» **WHAT YOU WILL DO**: Each line from the beginning of the data below through the line containing "Raymond James downgrades" should be repeated exactly, please.

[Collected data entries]
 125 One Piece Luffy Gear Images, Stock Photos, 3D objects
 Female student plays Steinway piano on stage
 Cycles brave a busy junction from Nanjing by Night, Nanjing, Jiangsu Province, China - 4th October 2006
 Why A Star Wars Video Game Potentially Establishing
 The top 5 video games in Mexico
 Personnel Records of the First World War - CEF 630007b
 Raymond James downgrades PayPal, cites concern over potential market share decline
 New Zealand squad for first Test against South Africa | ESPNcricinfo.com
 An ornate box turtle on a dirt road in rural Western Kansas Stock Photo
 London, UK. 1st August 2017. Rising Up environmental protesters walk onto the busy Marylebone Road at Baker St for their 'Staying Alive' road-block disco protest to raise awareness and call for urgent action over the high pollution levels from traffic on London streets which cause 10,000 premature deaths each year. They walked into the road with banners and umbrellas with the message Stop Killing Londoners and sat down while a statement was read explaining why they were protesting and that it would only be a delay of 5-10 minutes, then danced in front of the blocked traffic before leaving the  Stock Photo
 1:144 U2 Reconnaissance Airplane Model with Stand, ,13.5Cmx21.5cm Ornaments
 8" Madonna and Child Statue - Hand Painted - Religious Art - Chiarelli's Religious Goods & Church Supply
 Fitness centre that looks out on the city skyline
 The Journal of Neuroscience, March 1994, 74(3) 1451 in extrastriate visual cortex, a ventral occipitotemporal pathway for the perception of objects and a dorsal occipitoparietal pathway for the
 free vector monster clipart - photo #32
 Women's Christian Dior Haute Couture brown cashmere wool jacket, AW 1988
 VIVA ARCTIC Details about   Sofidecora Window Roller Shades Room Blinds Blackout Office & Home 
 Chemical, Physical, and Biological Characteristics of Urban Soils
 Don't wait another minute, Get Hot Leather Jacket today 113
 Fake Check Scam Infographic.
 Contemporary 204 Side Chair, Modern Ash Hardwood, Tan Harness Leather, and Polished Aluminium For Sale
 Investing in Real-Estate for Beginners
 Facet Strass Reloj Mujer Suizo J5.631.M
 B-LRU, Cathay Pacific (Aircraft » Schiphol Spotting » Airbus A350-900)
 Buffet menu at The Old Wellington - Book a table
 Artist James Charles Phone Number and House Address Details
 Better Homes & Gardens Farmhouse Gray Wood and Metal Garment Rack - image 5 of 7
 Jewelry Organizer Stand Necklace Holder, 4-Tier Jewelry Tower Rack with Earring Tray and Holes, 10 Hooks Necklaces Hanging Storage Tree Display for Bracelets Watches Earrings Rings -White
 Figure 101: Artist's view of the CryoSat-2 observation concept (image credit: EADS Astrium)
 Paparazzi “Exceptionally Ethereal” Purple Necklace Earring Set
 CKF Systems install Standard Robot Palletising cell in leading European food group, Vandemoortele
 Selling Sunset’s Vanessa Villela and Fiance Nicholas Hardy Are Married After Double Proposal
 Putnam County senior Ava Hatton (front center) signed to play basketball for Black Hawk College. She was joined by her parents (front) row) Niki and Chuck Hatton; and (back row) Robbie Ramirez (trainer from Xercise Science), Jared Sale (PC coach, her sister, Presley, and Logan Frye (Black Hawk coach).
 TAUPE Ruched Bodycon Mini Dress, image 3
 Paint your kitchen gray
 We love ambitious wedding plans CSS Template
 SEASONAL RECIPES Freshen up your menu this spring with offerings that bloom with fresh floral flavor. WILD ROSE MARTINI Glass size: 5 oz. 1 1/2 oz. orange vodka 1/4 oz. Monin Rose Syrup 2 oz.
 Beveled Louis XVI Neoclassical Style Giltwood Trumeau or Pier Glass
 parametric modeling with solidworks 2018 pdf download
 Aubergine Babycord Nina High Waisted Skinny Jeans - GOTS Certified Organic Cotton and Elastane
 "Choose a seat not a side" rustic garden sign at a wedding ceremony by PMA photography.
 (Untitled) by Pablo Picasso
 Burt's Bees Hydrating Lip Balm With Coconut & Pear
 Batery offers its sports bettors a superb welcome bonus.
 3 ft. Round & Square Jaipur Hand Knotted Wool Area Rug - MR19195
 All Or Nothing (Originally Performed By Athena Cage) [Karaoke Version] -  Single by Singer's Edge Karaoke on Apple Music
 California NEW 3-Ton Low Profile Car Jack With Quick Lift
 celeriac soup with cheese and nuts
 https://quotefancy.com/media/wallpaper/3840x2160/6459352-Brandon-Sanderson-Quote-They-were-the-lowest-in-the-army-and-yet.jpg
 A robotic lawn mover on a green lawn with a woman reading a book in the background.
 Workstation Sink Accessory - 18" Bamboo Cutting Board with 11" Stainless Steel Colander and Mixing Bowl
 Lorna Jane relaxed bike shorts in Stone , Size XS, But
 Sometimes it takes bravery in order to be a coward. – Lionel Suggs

» **SOLUTION BELOW**:
 125 One Piece Luffy Gear Images, Stock Photos, 3D objects
 Female student plays Steinway piano on stage
 Cycles brave a busy junction from Nanjing by Night, Nanjing, Jiangsu Province, China - 4th October 2006
 Why A Star Wars Video Game Potentially Establishing
 The top 5 video games in Mexico
 Personnel Records of the First World War - CEF 630007b
 Raymond James downgrades PayPal, cites concern over potential market share decline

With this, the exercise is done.